**Input data:**
⁂

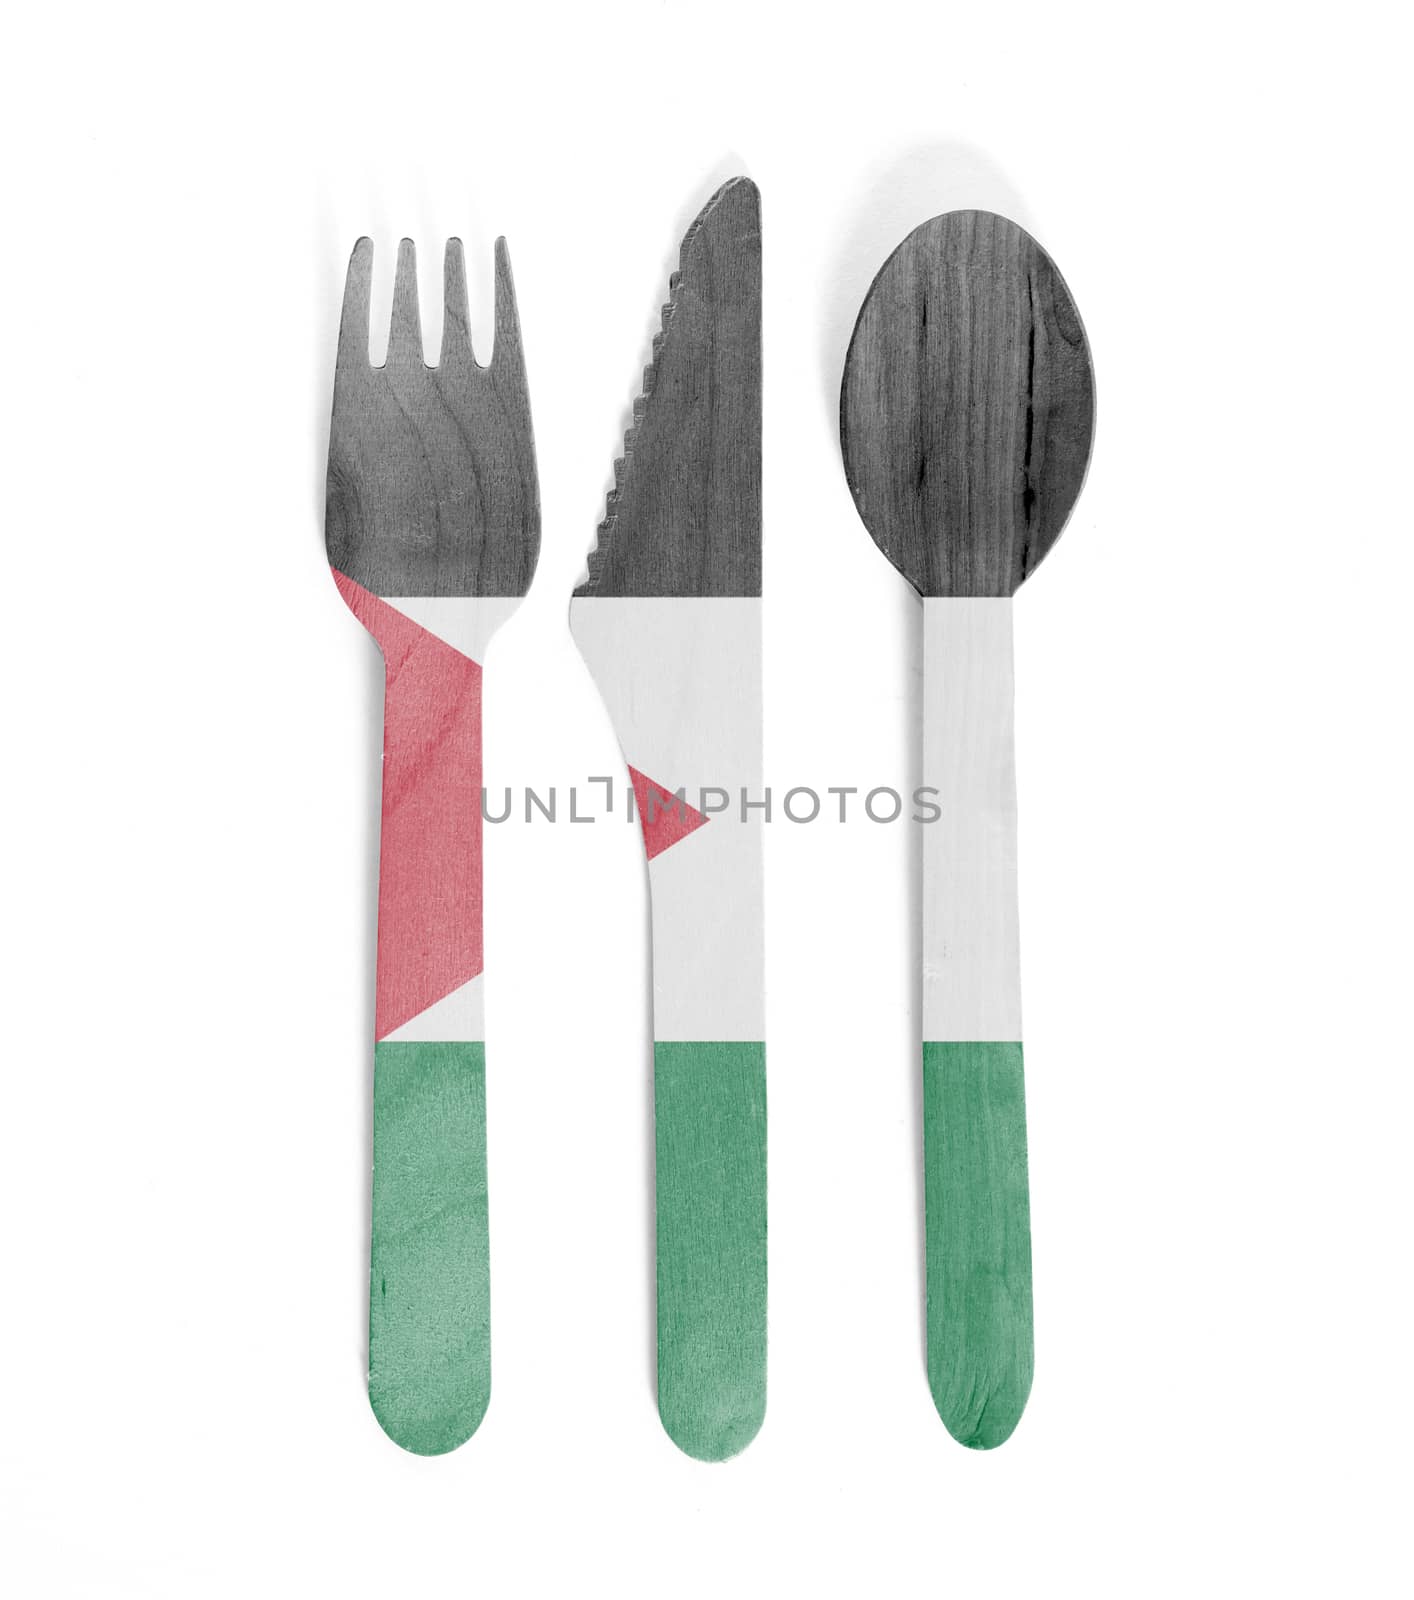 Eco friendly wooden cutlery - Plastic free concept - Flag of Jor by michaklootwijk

⁂

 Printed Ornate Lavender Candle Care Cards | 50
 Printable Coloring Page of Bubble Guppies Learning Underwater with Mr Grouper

⁂

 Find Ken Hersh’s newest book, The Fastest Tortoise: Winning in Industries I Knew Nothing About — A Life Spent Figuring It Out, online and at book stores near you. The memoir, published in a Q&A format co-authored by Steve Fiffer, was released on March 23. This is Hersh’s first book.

⁂

**Task prompt:** From the material above, retype precisely the lines between the line holding "Printed Ornate Lavender" and the line holding "Printable Coloring Page", inclusive, and nothing beyond them.

**Solution below:**
 Printed Ornate Lavender Candle Care Cards | 50
 Printable Coloring Page of Bubble Guppies Learning Underwater with Mr Grouper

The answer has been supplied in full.